August 2020 Newsletter
Tuesday, August 11th, 2020
From The Certified Elder Law
William W. “Bill” Erhart
Caregiver Agreement: Compensating Family Members Fairly and Preserving Medicaid Benefits.
Many of us are not receiving long term care Medicaid, but contemplate we may need such long-term care in the future. Sometimes citizens have cash resources that
exceed the Medicaid limit. At the same time, family members, typically the eldest daughter, are providing care out of their own time and resources, which is
burdensome to the caregiver and guilt giving to the parent. If the parent gives the caregiver's child money or leaves more to that child upon the parent’s death, other
children may not understand. A Caregiver Agreement is a solution to these several issues.
Medicaid is a joint federal and state program which provides payment for medical services to eligible individuals. It is designed to provide for those “whose income and resources are insufficient to meet the costs of necessary medical services.” 42 U.S.C. sec 1396(1). Among other requirements, Medicaid applicants may have no more than $2,000.00 in available resources. If an applicant makes a transfer of resources for less than fair market value during the five year look back period, under 42 U.S.C. sec 1396p (c)(1)(B), then an application for long term care benefits is denied and a period of ineligibility imposed. 42 U.S.C. § 1396p (c) (1)(A). Long- term care for the elderly is expensive and significant care is provided in the home by family members, mostly women. It is reasonable, and some assert necessary, that such family caregivers be compensated for the care they render to family members. For example, it is proposed to provide an elective share to a family member who provides substantial uncompensated care in a family residence to a decedent.

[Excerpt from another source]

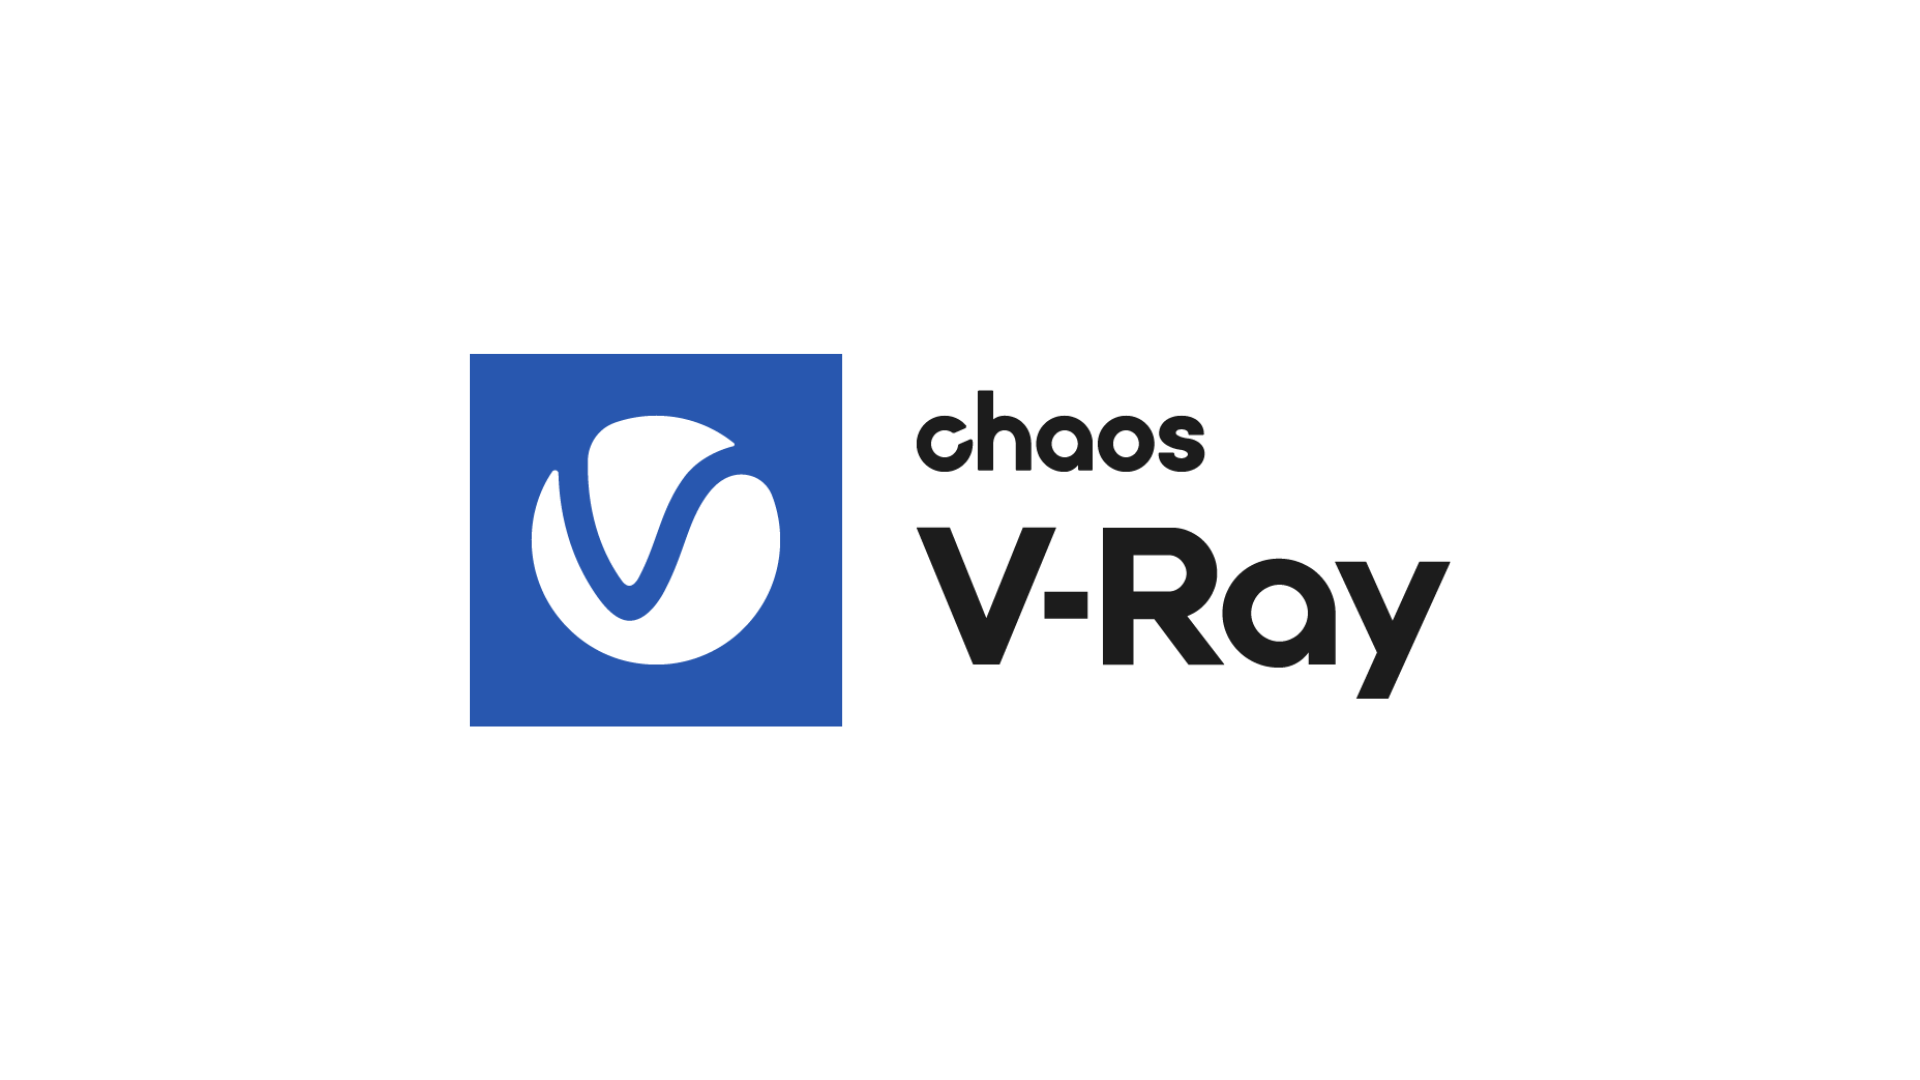 Chaos V-Ray Logo - 3ds Max, Maya, Revit

Thomas P. Gallanis and Josephine Gittler, Family Caregiving and the Law of Succession: A Proposal. 45:4 University of Michigan J. of Law Reform 761 (2012). A traditional elective share is only available to the surviving spouse under current law. Encouraging family members to provide care for the elderly within the home by compensating the family member by use of a formal Caregiver Agreement benefits the caregiver, the elderly, and the State which is otherwise burdened by paying for long term care through Medicaid. See, Eldercare for the Baby-Boom Generation: Are Caregiver Agreements Valid? 45 Suffolk U. Law Rev. 1271(2012).
Unlike the Massachusetts scheme examined in the Suffolk note, Delaware has no regulation governing Caregiver Agreements. Payments to family members are presumed to be transfers in order to qualify for
Medicaid and subject to the divestment penalty. Caregiver Agreements formalize the arrangement between a child and parent to evidence the payment is for value and not a disqualifying gift under Medicaid. See generally, Frolik & Brown, Advising
the Elderly or Disabled Client, §§ 14.02, 16.12 (Thomson Reuters/WG&L, 2020); Brewton v. Dept. of Health & Hospitals, 956 So. 2d 15 (La. Ct of App. 2007); Reed v. Dept. of Soc. Serv., 193 S.W.3 rd 839 (Mo. Ct of App. 2006); Forman v Dir. of Medicaid, 944. N.E.2d 1081 (Ma. App. 2011).

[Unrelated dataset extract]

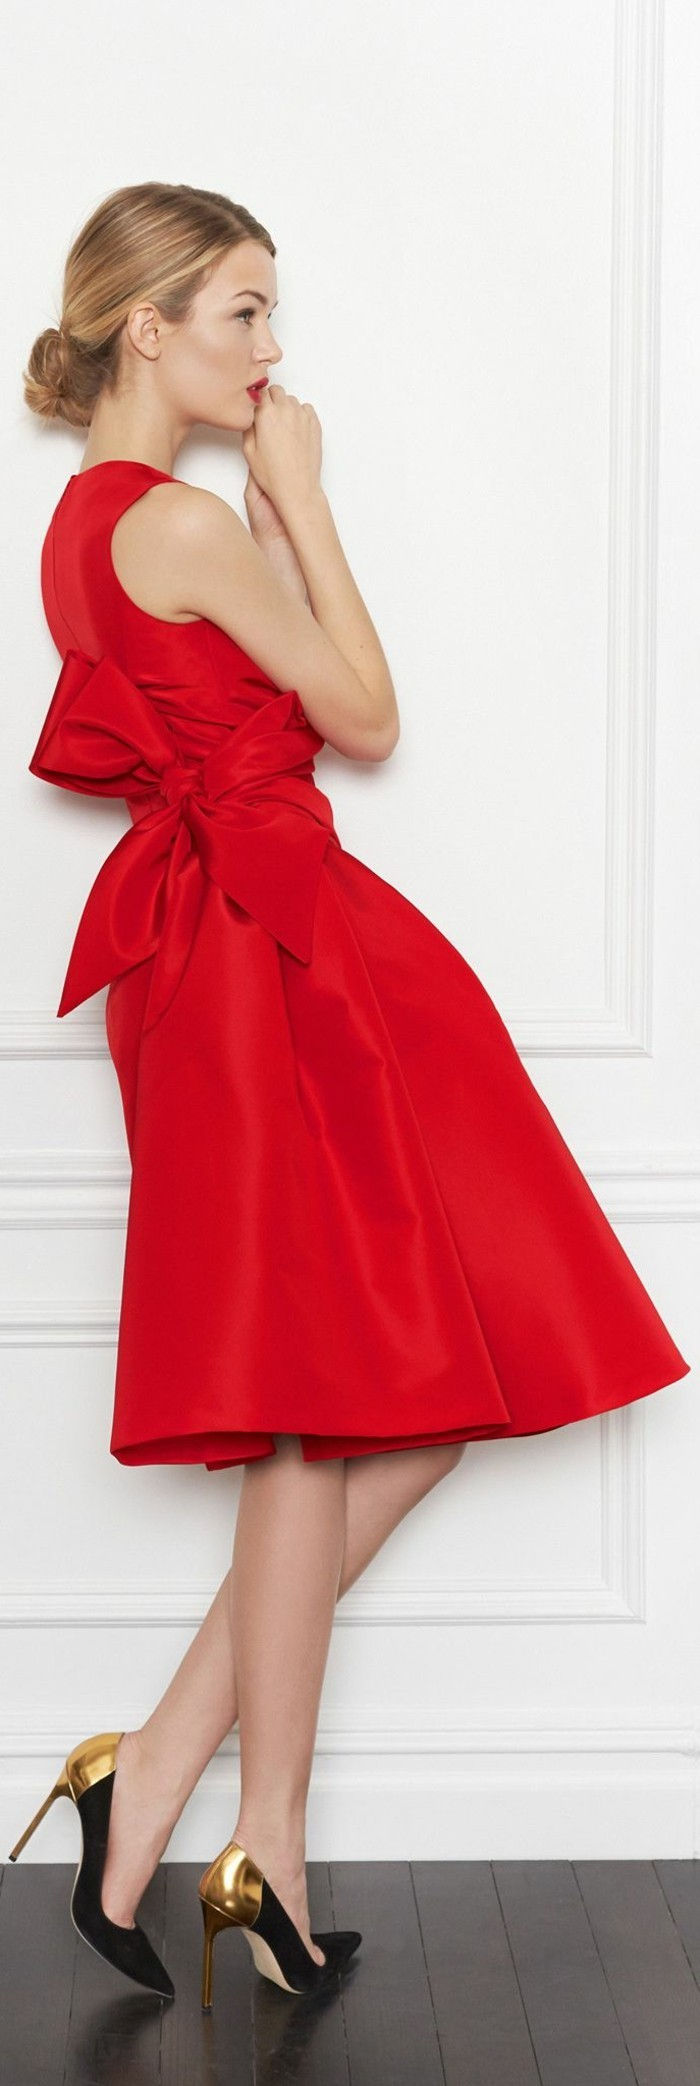 röd klänning skor som Golden skor klackar Red-dress-blond-hår vacker frisyr-idéer-look

Typically, a child is currently bathing, dressing, toileting, providing incontinent care, transporting, shopping, laundering, making meals, housekeeping, and
monitoring medication daily for the parent. There is no reason why the child should not be compensated for the care provided; the parent benefits from the care, the
parent retains Medicaid eligibility by evidencing fair market value for the services rendered by the child caregiver, and the State benefits by the child providing care for the parent in the home and deferring institutional long term care and Medicaid at the expense of the State. Caregiving Agreements can be combined with other asset preservation techniques which help elders and their families.